🤖 AI Summary
Underwater sonar image classification suffers from model bias and poor generalization due to overreliance on seafloor background cues. Method: This paper proposes a novel framework integrating contrastive machine unlearning with explainable AI (XAI). It introduces a Target-Contrastive Unlearning (TCU) module to suppress background bias and establishes the “Unlearn-to-Explain Sonar” framework, adaptively coupling the unlearning process with LIME for fine-grained, trustworthy attribution visualization. Additionally, an enhanced triplet loss and supervised contrastive learning are incorporated to improve unlearning precision. Contribution/Results: Experiments on both real and synthetic sonar datasets demonstrate that the method significantly reduces background bias, enhances model robustness and cross-scene generalization, and provides verifiable, interpretable decision rationales—establishing a new paradigm for safe and trustworthy underwater AI recognition.
📝 Abstract
Acoustic sonar image analysis plays a critical role in object detection and classification, with applications in both civilian and defense domains.
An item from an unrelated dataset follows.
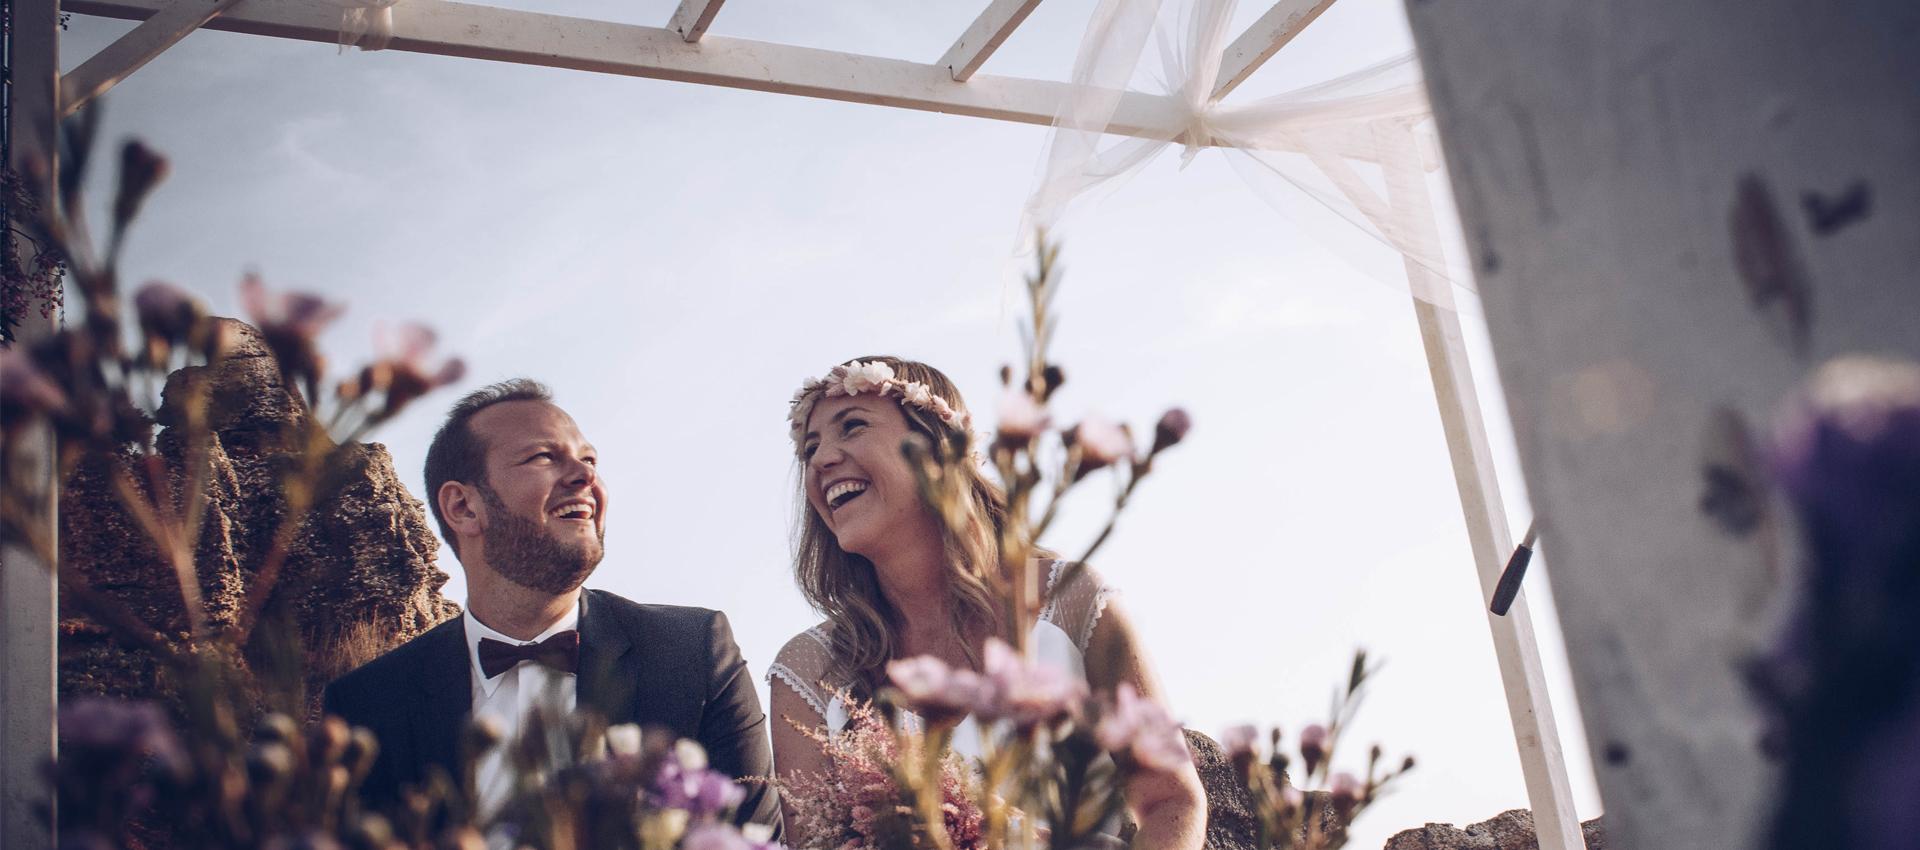 AlejandraJeremi Inicio - video boda cadiz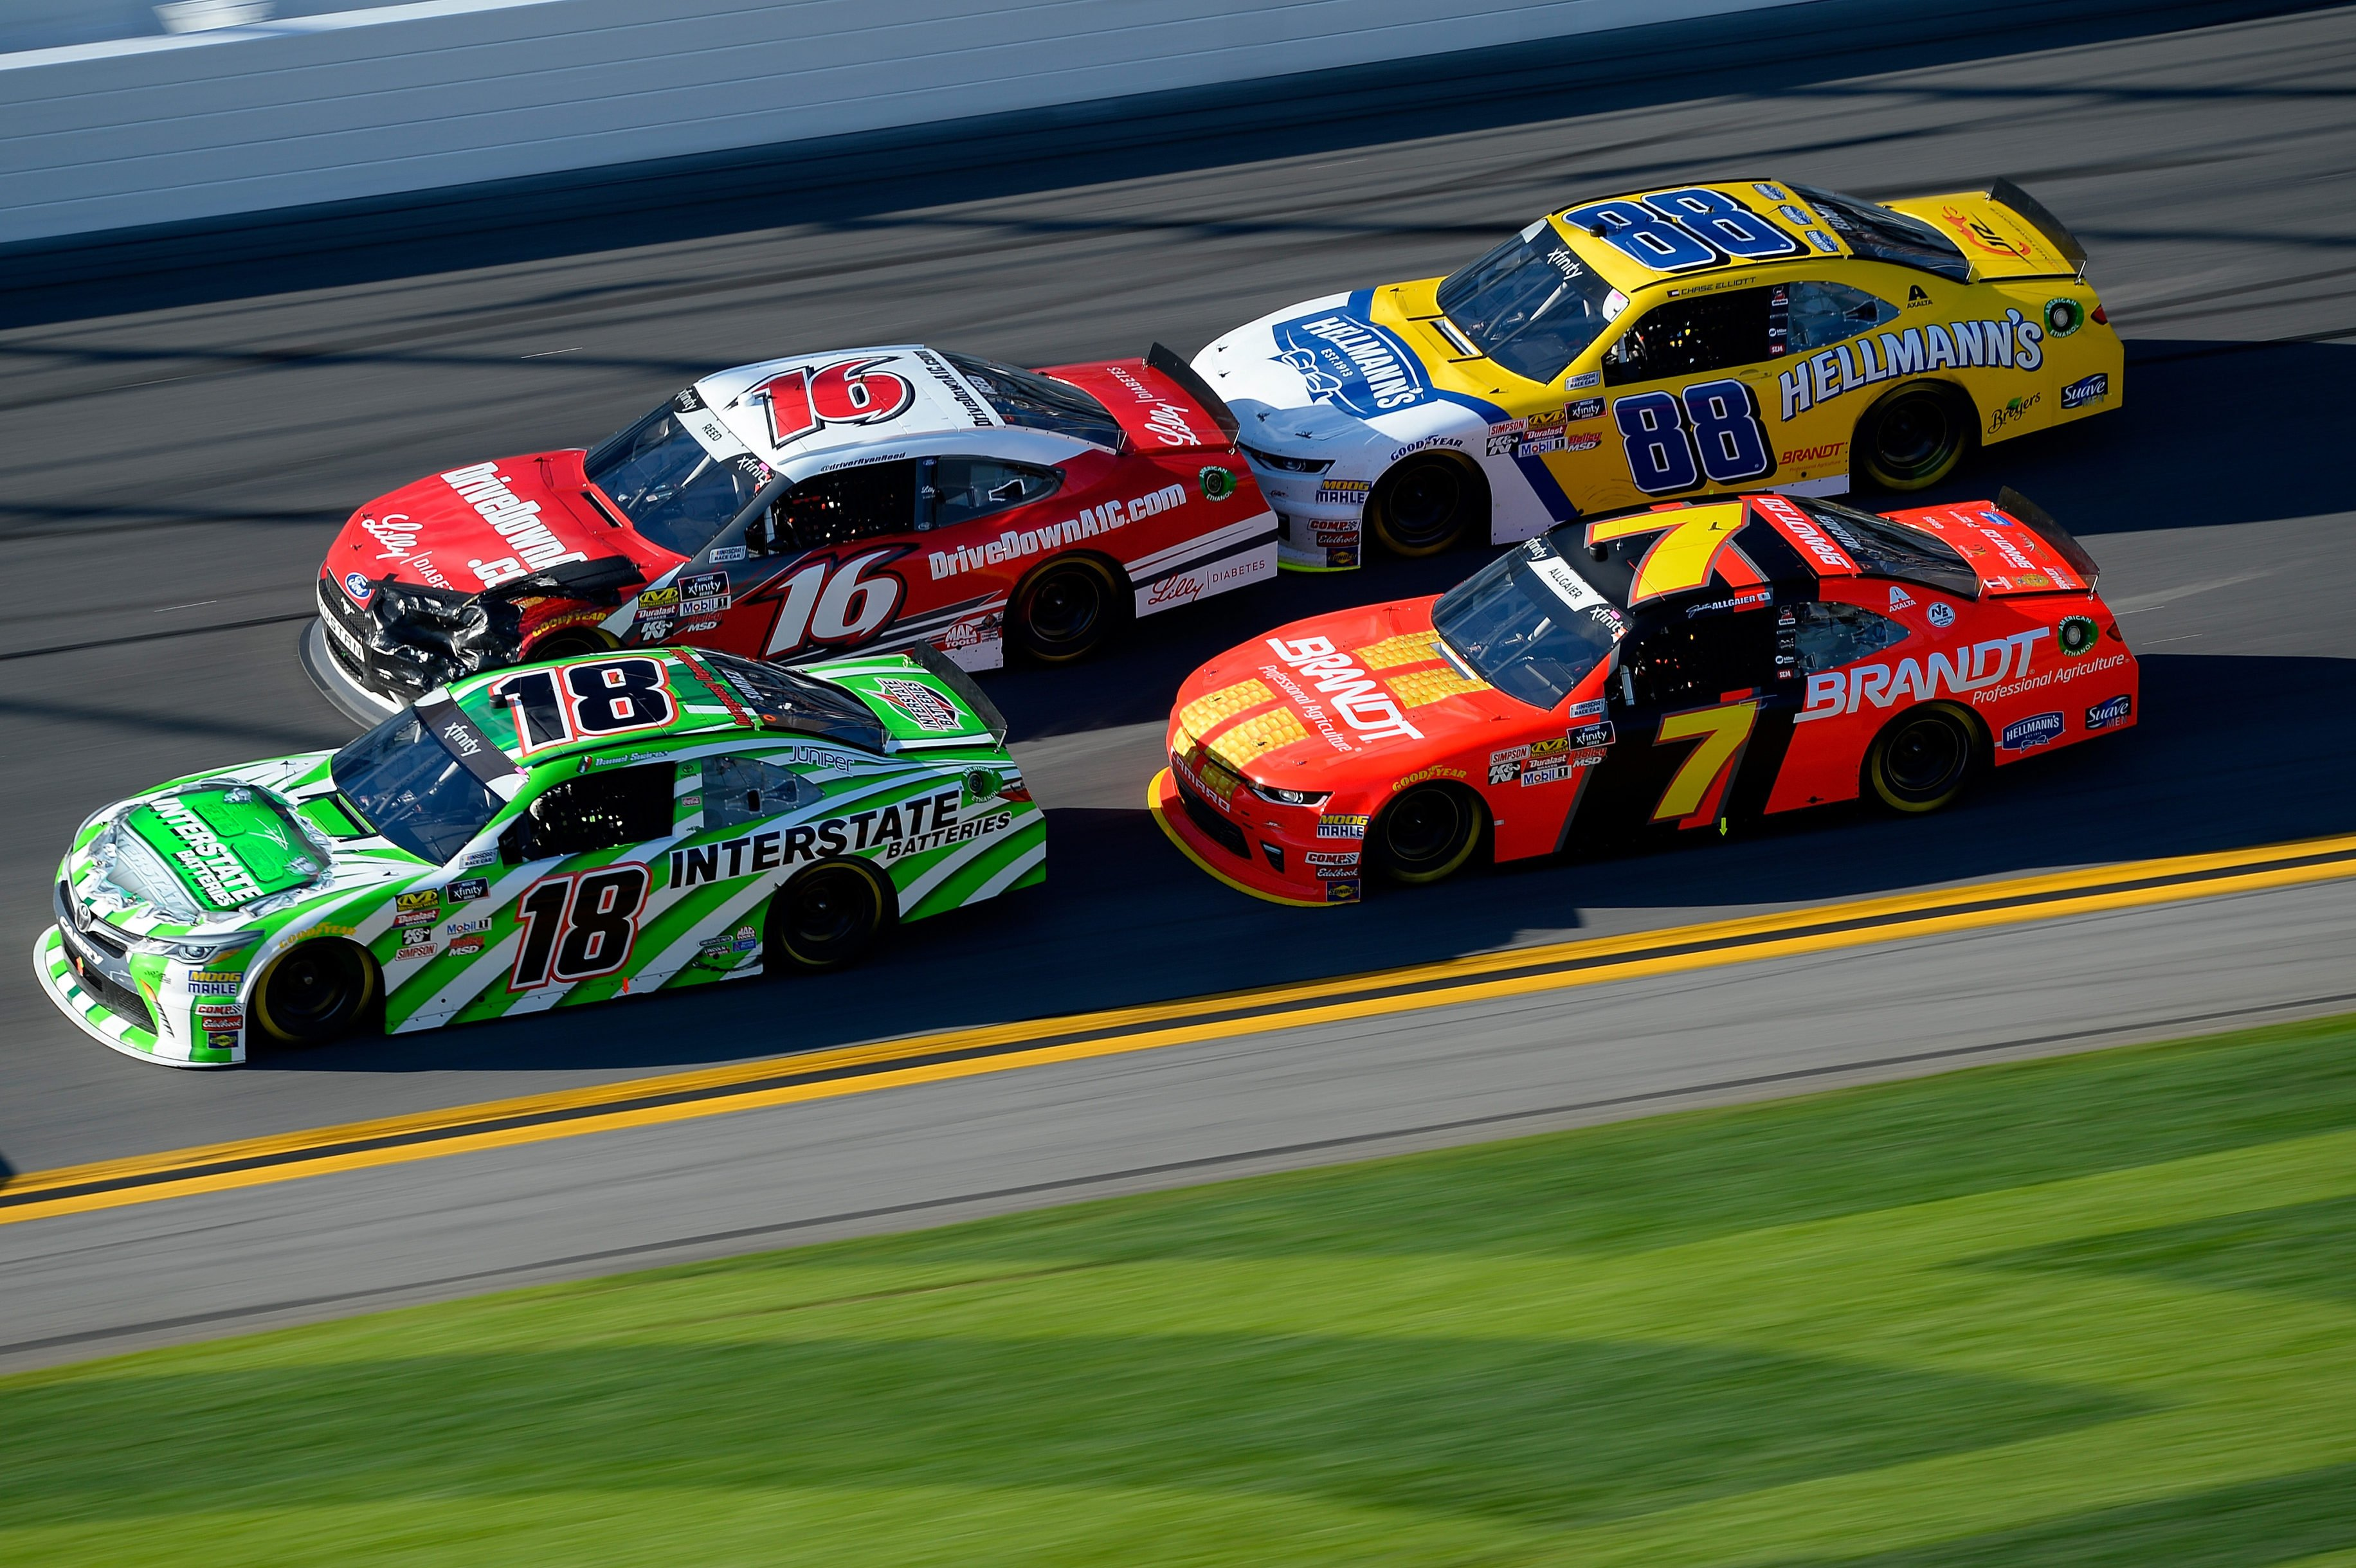 Daniel Suarez, Matt Tifft, Chase Elliott and Justin Allgaier at Daytona

Despite the availability of real and synthetic datasets, existing AI models that achieve high accuracy often over-rely on seafloor features, leading to poor generalization. To mitigate this issue, we propose a novel framework that integrates two key modules: (i) a Targeted Contrastive Unlearning (TCU) module, which extends the traditional triplet loss to reduce seafloor-induced background bias and improve generalization, and (ii) the Unlearn to Explain Sonar Framework (UESF), which provides visual insights into what the model has deliberately forgotten while adapting the LIME explainer to generate more faithful and localized attributions for unlearning evaluation. Extensive experiments across both real and synthetic sonar datasets validate our approach, demonstrating significant improvements in unlearning effectiveness, model robustness, and interpretability.